╭─ Collected data

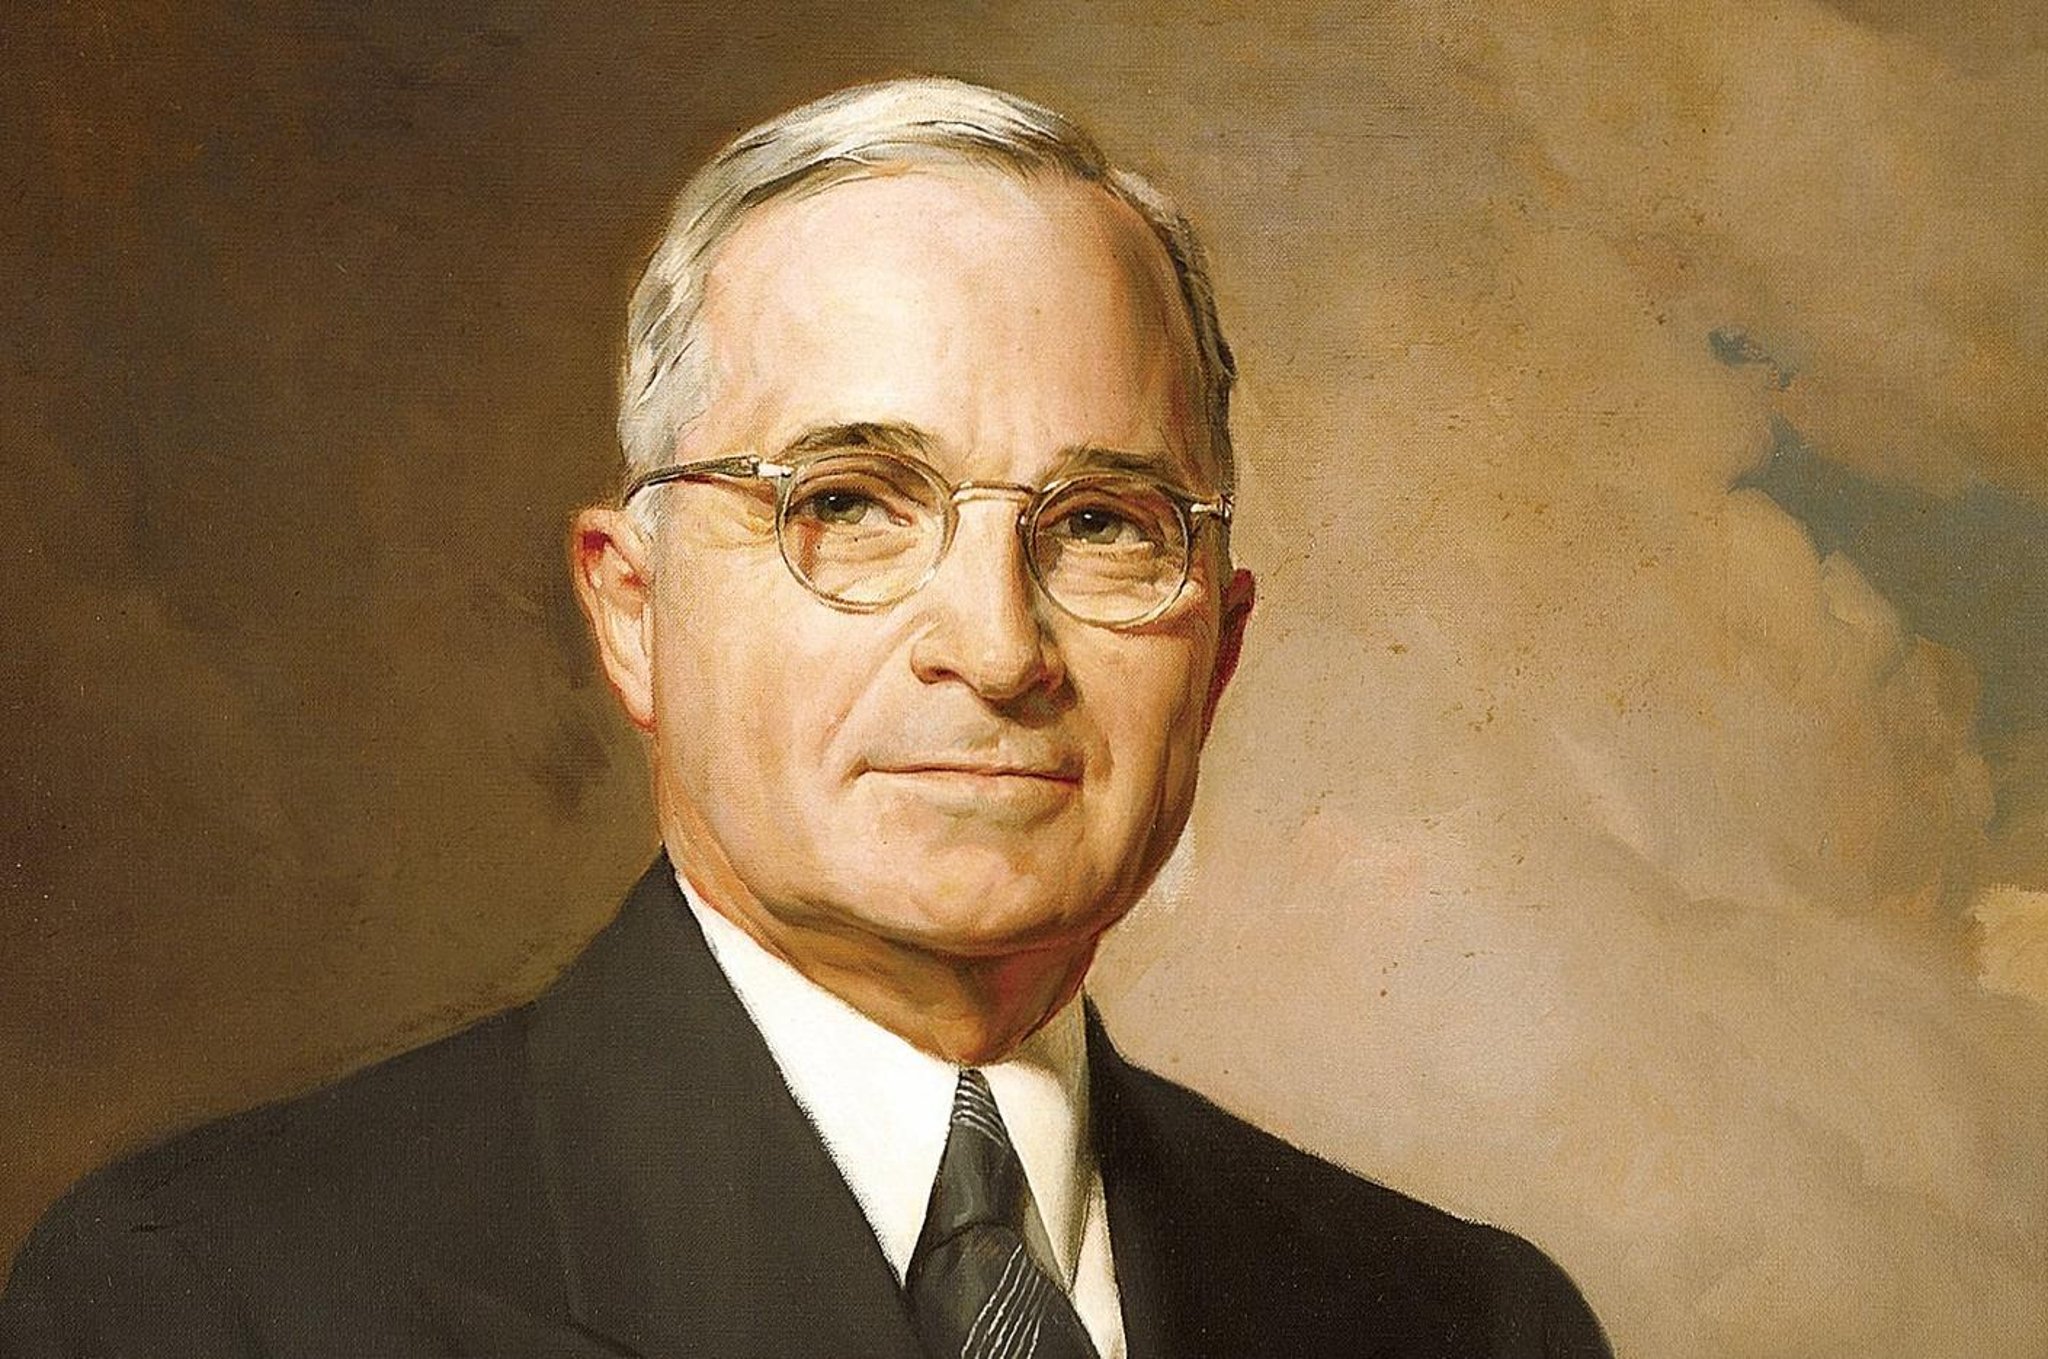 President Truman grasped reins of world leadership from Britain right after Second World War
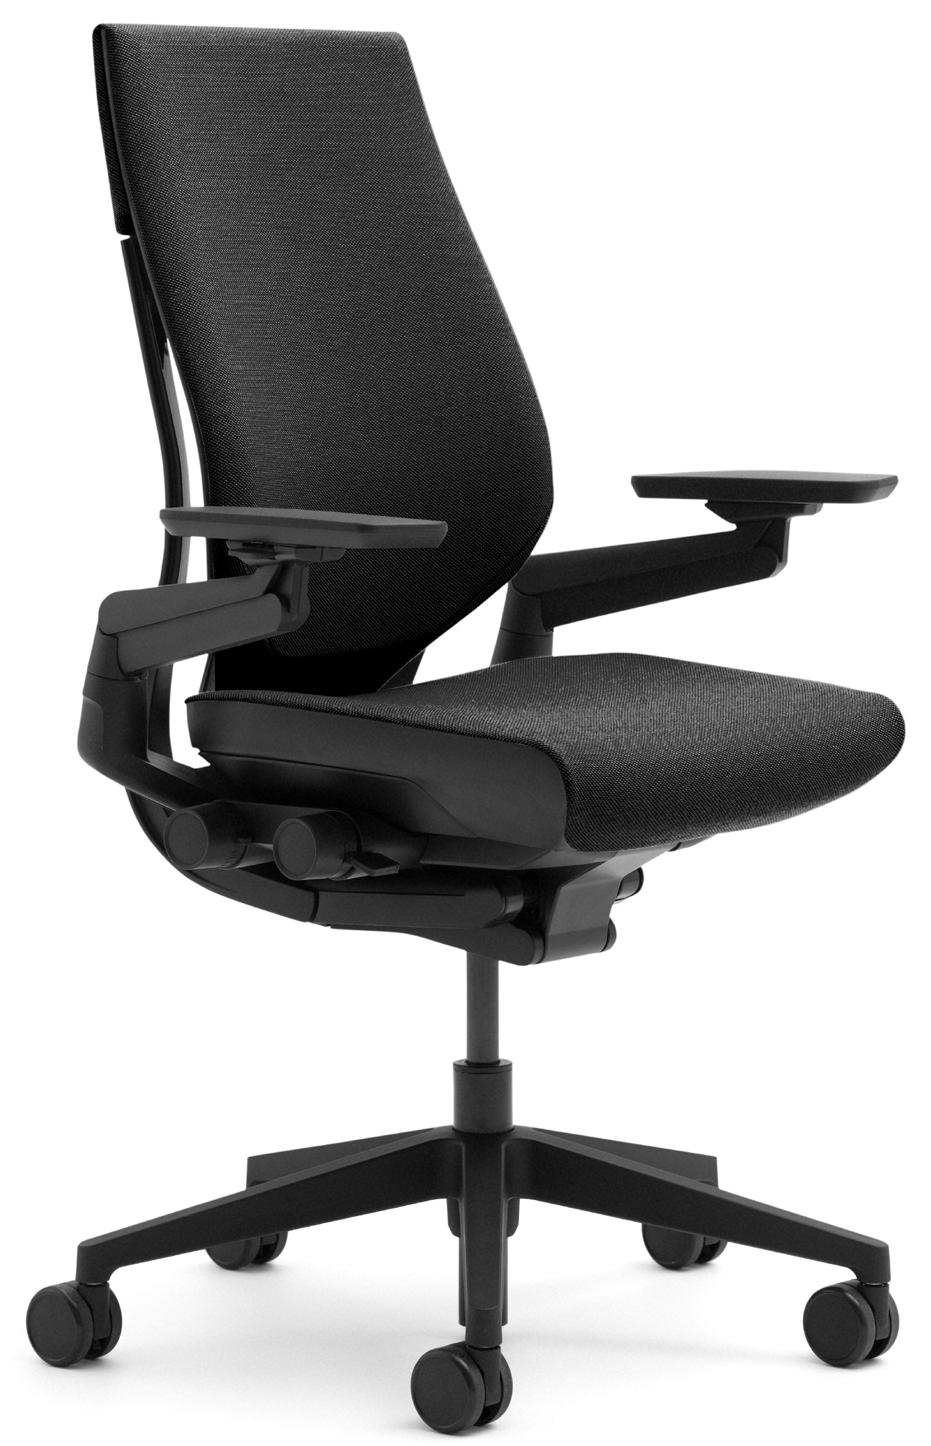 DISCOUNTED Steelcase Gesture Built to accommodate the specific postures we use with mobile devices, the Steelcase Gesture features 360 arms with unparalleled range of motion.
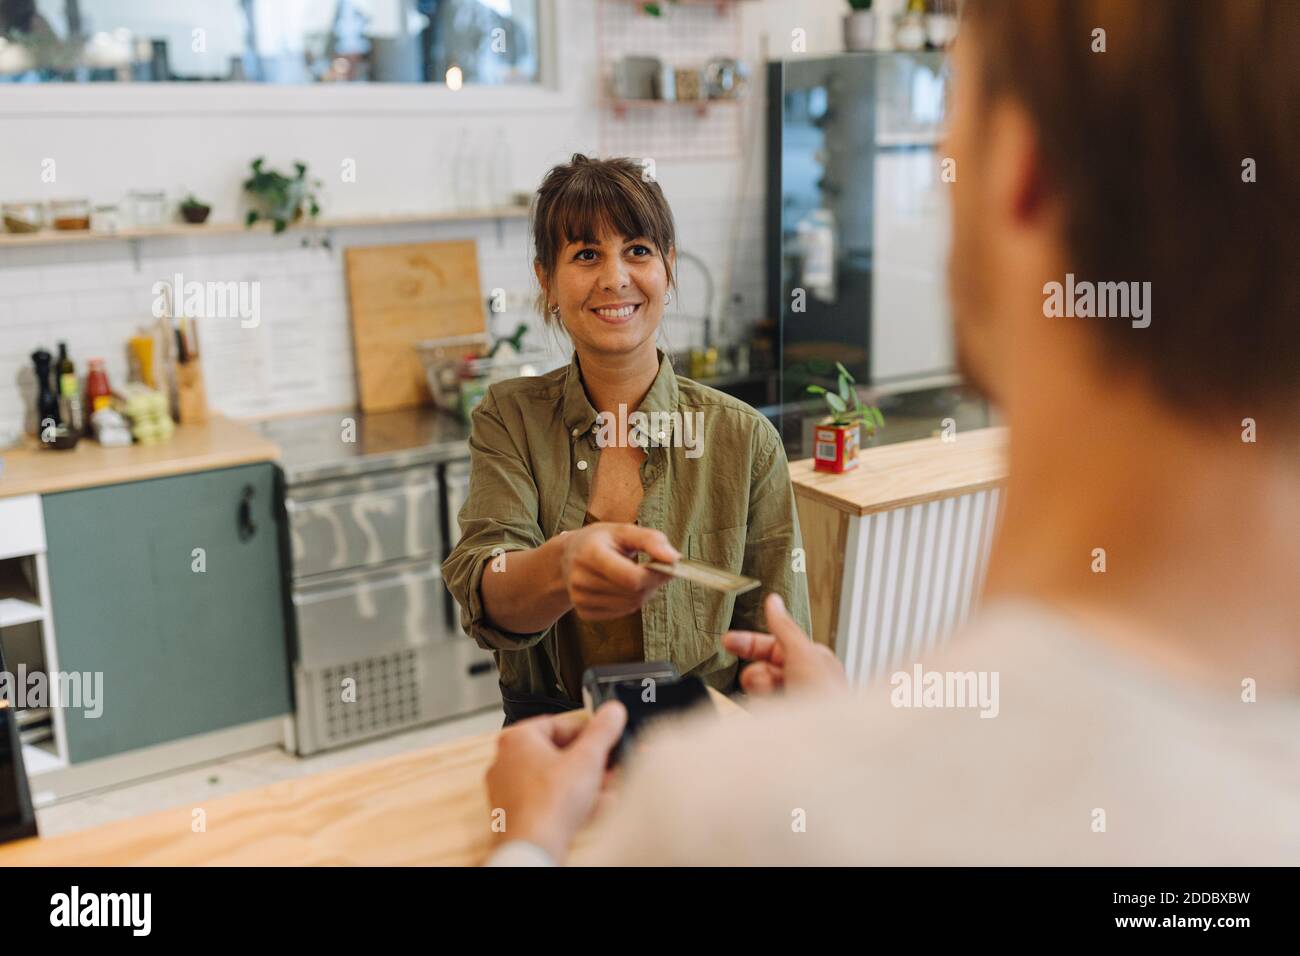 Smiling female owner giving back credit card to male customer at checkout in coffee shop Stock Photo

╰─

(Task directions)
Everything from the line that contains "DISCOUNTED Steelcase Gesture" through the final line of the material should be returned exactly, except the pictures.

(Output of the exercise)
 DISCOUNTED Steelcase Gesture Built to accommodate the specific postures we use with mobile devices, the Steelcase Gesture features 360 arms with unparalleled range of motion.
 Smiling female owner giving back credit card to male customer at checkout in coffee shop Stock Photo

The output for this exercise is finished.